The '90s bustled with the new market of fiber optics, which the company installed throughout the country. In that same decade, Fletch Jr.'s father partnered with Richard Greenberg to form Creamer Environmental. The remediation company works to clean up contaminated sites for utility companies, often hauling out acres of bad soil, installing steel plating sometimes 35 or 40 feet below surface level and trucking in clean soil.

"It's probably one of the best environmental companies on the East Coast," Fletch Jr. says.

Renewable energy represented the company's first new venture of the 21st century. Creamer & Son now constructs wind and solar projects. And the most recent foray into diversification has been in the business of utility mark outs. (When a company wants to dig or excavate, it has to ensure that utilities and anything else underground is marked out to ensure safety.) The venture, dubbed Atlantic Infra-Trac, responds to the One Call system in New Jersey.

That's the sort of work that keeps communities running.

"We're not building beautiful buildings," Fletch Jr. says. But without the likes of Creamer & Son, water and electricity stop flowing, highways crumble – basically, everything goes to pieces.

Family Business

Five generations of the Creamer family have worked to keep that from happening. J. Fletcher Creamer II got the ball rolling modestly enough.

"He was always dressed to the nines," Fletch Jr. says. "A very meticulous guy with everything. We've tried to keep those traits going forward."

And forward the company, passing on to Creamer II's son, who passed it on to his son, Fletch Jr.'s father.

"My dad really was my mentor in the business," he says. "I had a mentor, a best friend and a father all wrapped up in one guy."

Then Fletch Jr. and his three brothers joined the crew, followed by their children. You can expect six or seven family members working for the company at any given time. Fletch Jr. currently employs his son and a niece, and his daughter worked for the company until she gave birth to her third child.

"Then I officially retired her," he says with a laugh.

Fletch Jr.'s rise to the top of the company is, he says, pretty typical of the family's deep involvement. He started out as a 15-year-old collecting trash from Palisades Amusement Park.

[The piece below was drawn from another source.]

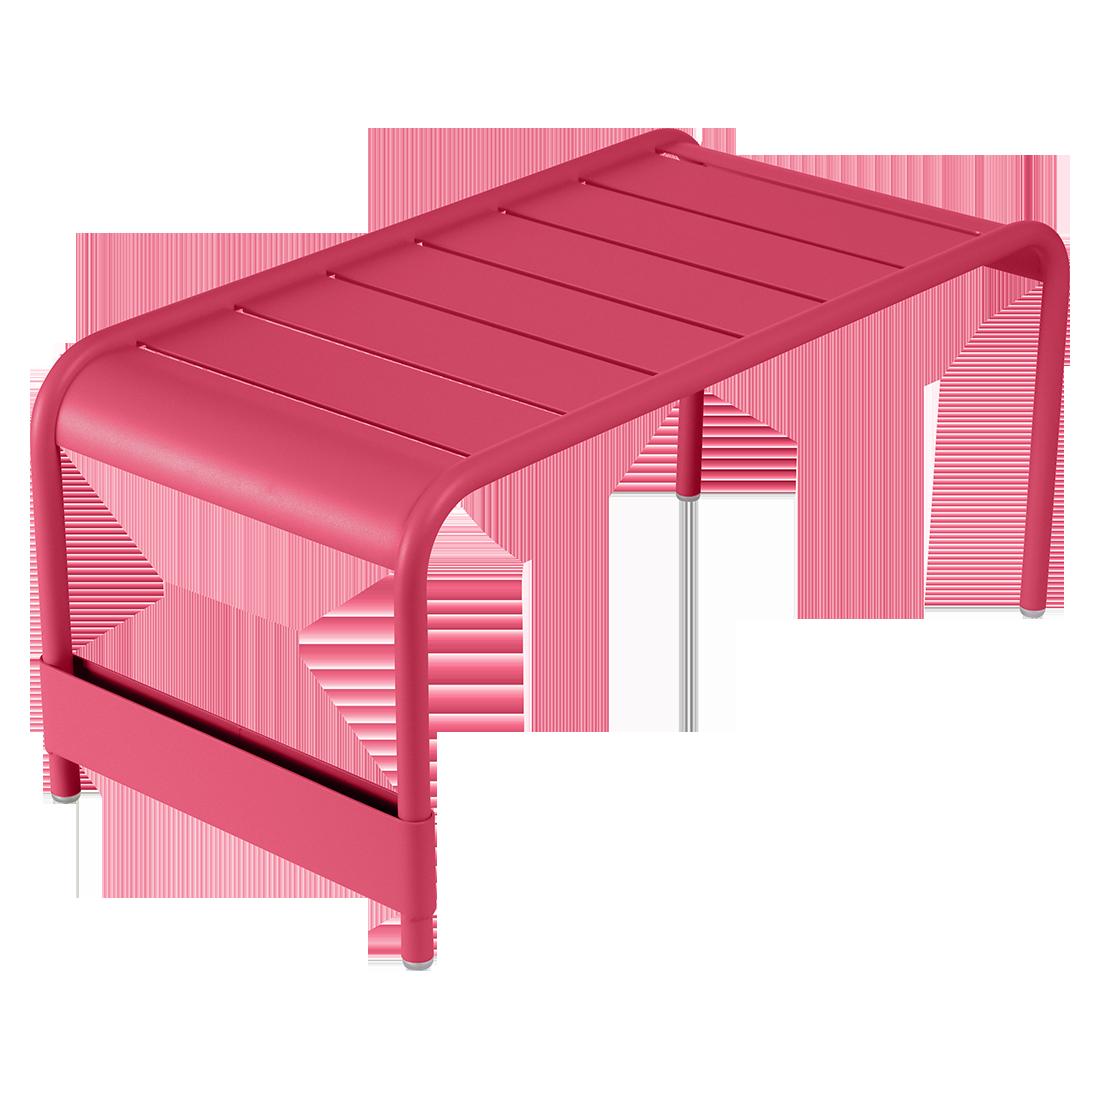 grande table basse luxembourg de fermob rose praline. Black Bedroom Furniture Sets. Home Design Ideas

"And I couldn't drive," he says, "so you know which end of the garbage truck I worked on."

Eschewing college – he studied for two years but never finished – Fletch Jr. learned everything he needed from working his way through the company. He spent seven years as an estimator, he worked as a superintendent, he grew into engineering.

"I had probably the best education I could have," he says. "I did all the stuff from the bottom up, as they say."

That hard work paid off. The company grew and grew, and Fletch Jr. took the reins as president and CEO in 1982.

Today, the 90-year-old company maintains New Jersey offices in Hackensack, Linden, Wall and Folsom, plus offices in Sylmar, Calif., and Beltsville, Md. It has worked in 37 states, and even the distinctive light brown paint on all its construction equipment is patented to the company.

So what's Creamer & Son's secret?

"I can't give out the secrets," Fletch Jr. jokes. And then he gives credit where credit is due: the company's dedicated employees, some of whom have worked for the Creamer family for more than 40 years and have never had another job.

"The people who work for us – they're what makes us successful," he says. "We have some of the finest people in the industry."

Of course, that includes the many members of the Creamer family who have swelled Creamer & Son's ranks over the decades. It takes incredible hard work to keep a family business running, let alone expanding, for so long.

"We try to lead by example," Fletch Jr. says. "You've got to love the business to be in it."

Storm Help

In the wake of Superstorm Sandy, J. Fletcher Creamer & Son worked tirelessly to help utility companies, including JCP&L, Verizon and United Water, repair and improve substations in the New York and New Jersey area.

At one of Verizon's main data centers in lower Manhattan, some areas of which lost power for weeks, Creamer & Son employees worked around the clock for two weeks to repair damage from the storm. That required lugging 100-pound battery packs up and down 22 floors numerous times every single day.